An ihren Handgelenken trugen sie einen Chronometer – ein Gerät zur Messung der Zeitwahrnehmung. Es war ein Bildschirm, auf dem Zahlen sehr schnell hin und her flackerten – so schnell, dass es schwierig war, die Zahlen zu identifizieren. Der Sinn des Chronometers besteht darin, dass, wenn sich die Zeit für das Gehirn beim Fallen wirklich verlangsamt, eine Person im freien Fall in der Lage sein sollte, mehr flackernde Zahlen pro Sekunde genau wahrzunehmen, als wenn sie sicher am Boden wäre.

Also was ist passiert? Als die Probanden anschließend gebeten wurden, die Dauer ihres Sturzes zu schätzen, überschätzten sie die Zeit, die sie in der Luft verbrachten, um mehr als ein Drittel. In ihren Erinnerungen war die Zeit tatsächlich langsamer geworden. Den Zahlen zufolge, die die Teilnehmer auf dem Chronometer sahen, verging die Zeit jedoch genauso normal wie vor dem freien Fall.

Auch wenn wir einen Autounfall scheinbar in Zeitlupe erleben, ermöglicht uns die zusätzliche Zeit deshalb nicht, aus dem Weg zu gehen. Das liegt daran, dass die Zeitlupe in unserer Erinnerung ist, nicht im Augenblick. Denken Sie darüber nach, was dies für unsere Erfahrungen mit der Verlangsamung und Beschleunigung der Zeit bedeutet: Dieses rauschende Gefühl ist nicht in unserer Gegenwart, sondern nur in unseren Erinnerungen daran.

Die Gegenwart ist jetzt

Sind wir also dazu verurteilt, das Gefühl zu haben, dass die Jugend unserer Kinder dahinschwindet?

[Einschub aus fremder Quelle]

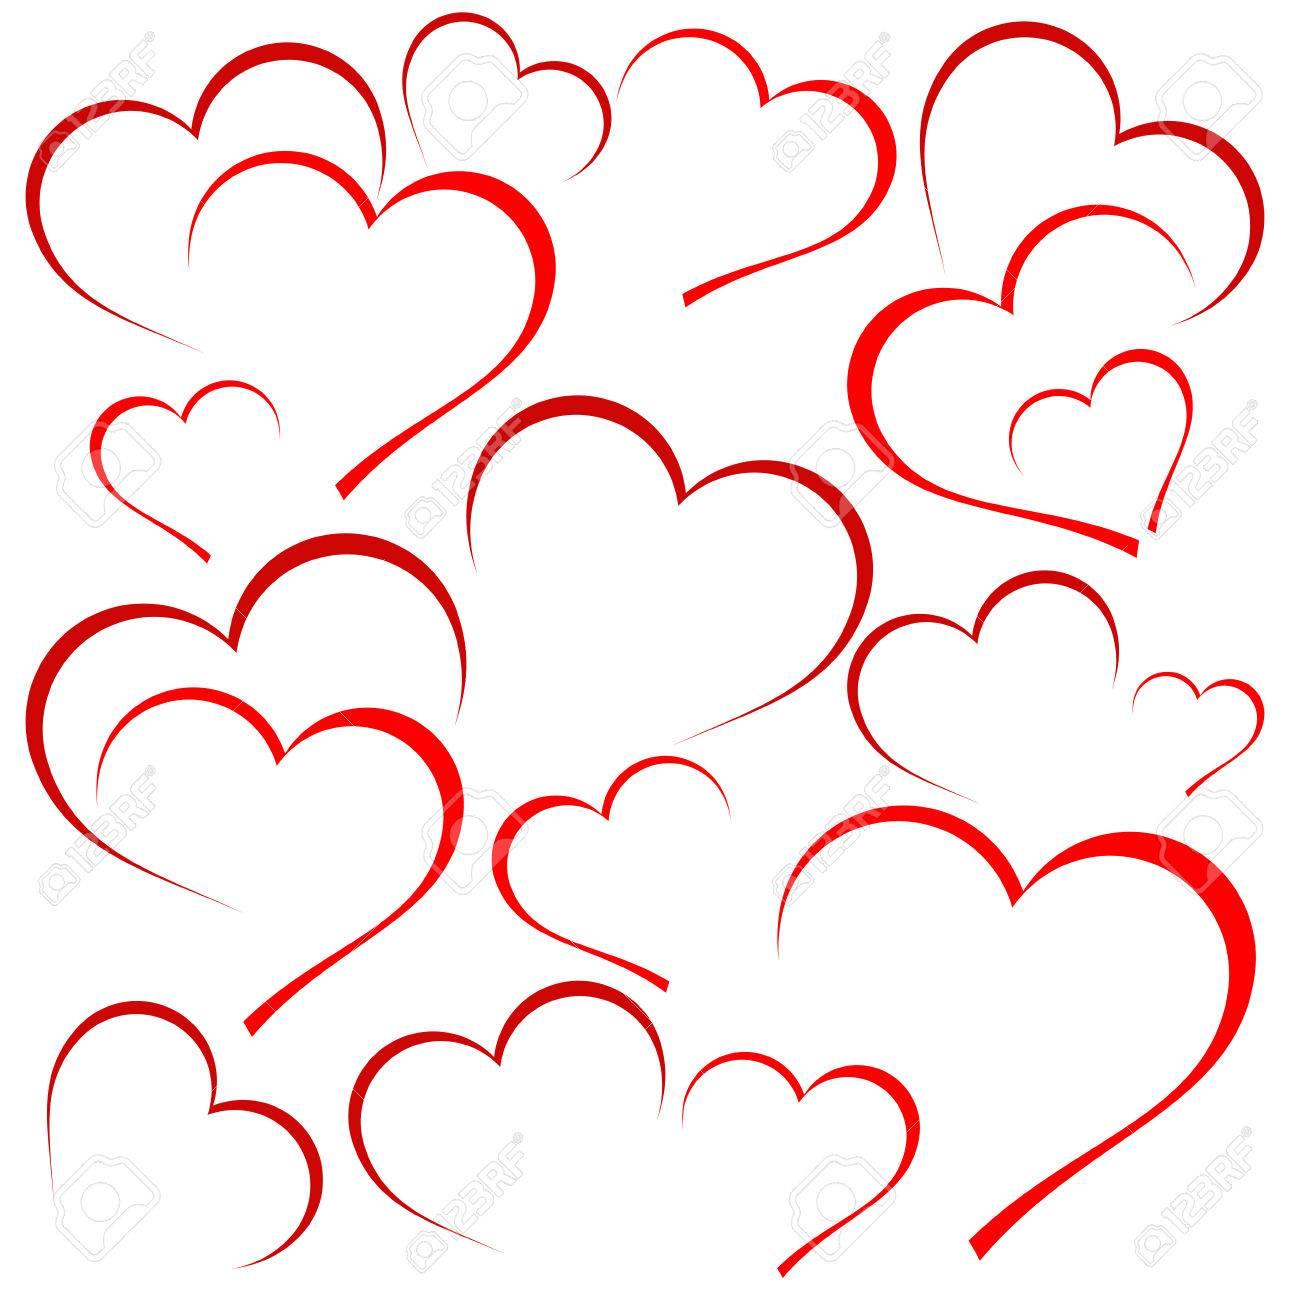 vector hearts background royalty free cliparts vectors and stock rh 123rf com vector hearts free vector heart ornament

Es wird sich wahrscheinlich immer so anfühlen, wenn wir uns an die Vergangenheit erinnern. Die wichtigere Lektion betrifft jedoch nicht die Vergangenheit, sondern die Gegenwart. Jetzt, wo ich frei auf ihre Jugend zugehe, ist es wichtig zu verstehen, dass mir die Zeit nicht wirklich wegpfeift. Jeder Moment dauert so wie damals, als sie ein Baby war. Jeder Moment birgt jetzt genauso viel Freude und genauso viel Schmerz wie morgen.

Und so ist diese Einsicht ein Aufruf, die erinnerte Vergangenheit und die besorgte Zukunft hinter sich zu lassen und die Aufmerksamkeit unablässig wieder auf die Gegenwart zu richten. Eines Tages werde ich mit schwindligem Kopf zurückblicken und mich an den heutigen Tag erinnern wie an die langen, faulen Sommertage. Aber im Moment ist ein Moment nur ein Moment. Im Moment liebt sie es immer noch, neben mir zu liegen und mir vorlesen zu hören. Im Moment bin ich der Große und Starke, der sie auf einen Arm nehmen kann, wenn sie es braucht.

Das GesprächIm Moment bin ich nicht „mein Vater“, ich bin Papa. Was will ein Vater mehr?

Über den Autor

Keith Payne, Professor für Psychologie und Neurowissenschaften, Universität von North Carolina - Chapel Hill

Dieser Artikel wurde ursprünglich veröffentlicht am Das Gespräch.. Lies das Original Artikel.